Somewhere along the line - maybe on that post-Christmas road swing out West that included an overtime win in New Jersey on the way back? - this Flyers team made a believer out of me.

There is just something about the chemistry, the makeup of this dressing room that gives me a different feeling - one that screams the Flyers have a deep Stanley Cup playoff run in front of them. Perhaps, it is the franchise record 11 third-period comebacks. Or the tough-love coach in Craig Berube that has the once-fragile Flyers as confident as they've been since 2010.

This series will be won or lost on the boards - not in net.

That is why I'm not convinced Ray Emery being in net for Game 1 needs to alter my outlook for the Flyers. His numbers this season aren't pretty (9-12-2, .903 save percentage and 2.96 goals against average) but his quality of competition, even since the Olympic break, has been off the charts.

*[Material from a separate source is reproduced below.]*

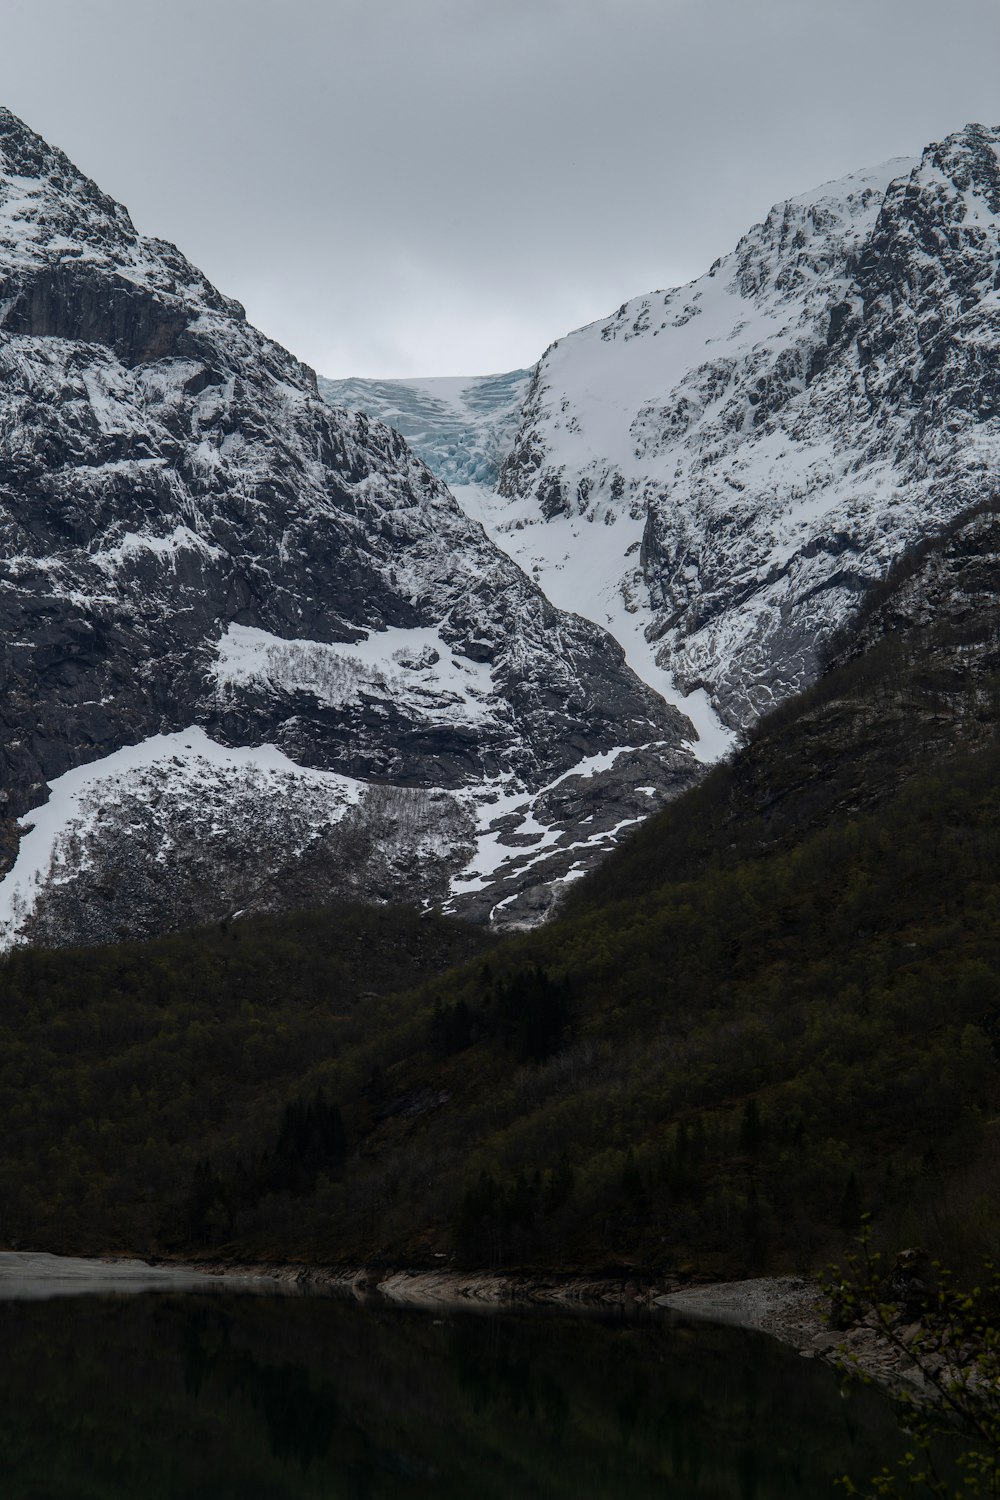 a mountain range covered in snow next to a body of water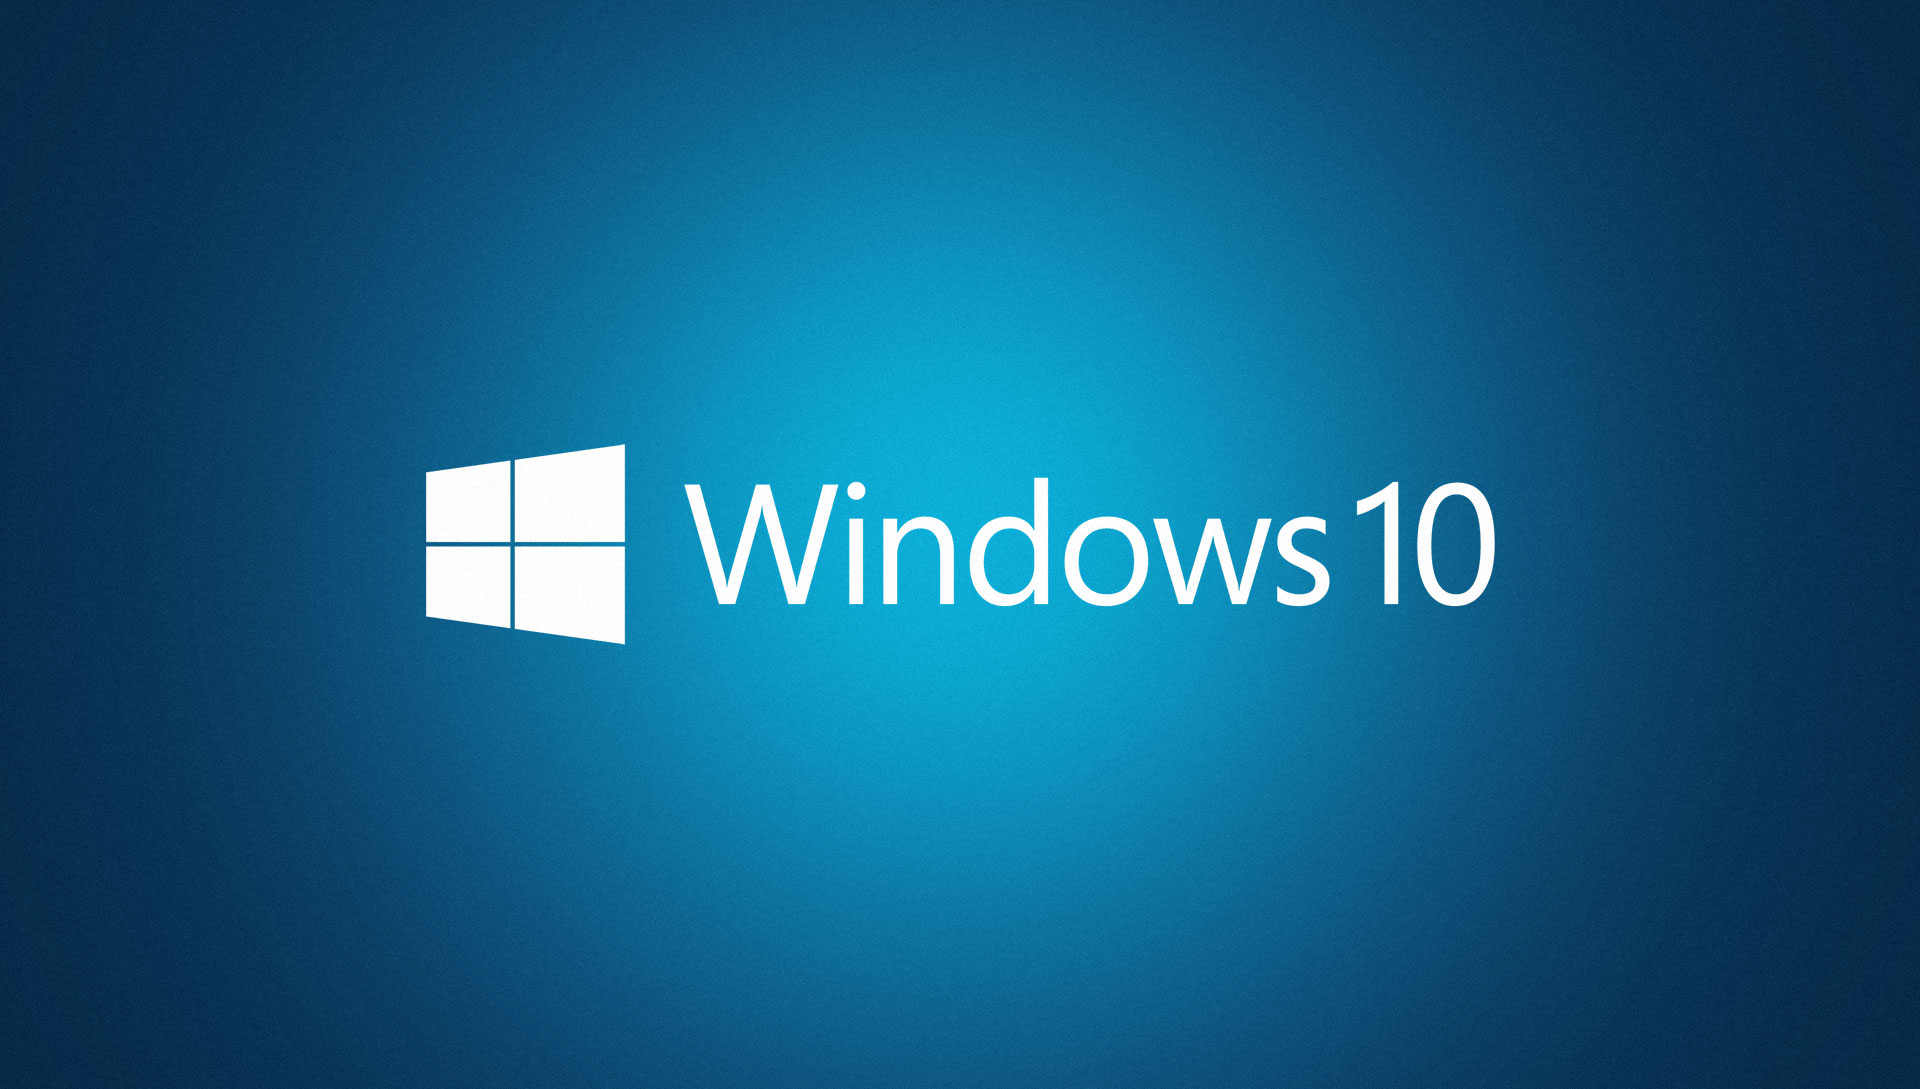 Watch the Windows media briefing live webcast on Wednesday The

He has faced San Jose, Los Angeles, Chicago, St. Louis, Tampa Bay, Pittsburgh and Boston since Feb. 27. The quickness Emery lacks in net, he may make up for it in experience - having led Ottawa to the Stanley Cup final in 2007.

I know the Flyers have not won at Madison Square Garden since Feb. 20, 2011 - a span of eight straight losses. With different coaches, different players, heck, even different seats after a $1 billion renovation, how much does that statistic mean? The Flyers say it isn't something they're thinking about.

Rangers defenseman Ryan McDonagh is not 100 percent after a left-shoulder injury. Henrik Lundqvist, who has owned the Flyers, hasn't done a whole heck of a lot in the playoffs and is coming off his worst regular season since 2008-09.

The Flyers have a significantly more potent offense, more wins than the Rangers since Nov. 7, and closed the regular season with the toughest 30-day schedule in the NHL. That has to count for something.

I believe these teams are much more evenly matched than a losing streak at the Garden would explain. This team fooled me - and a lot of others - once this season. Not again.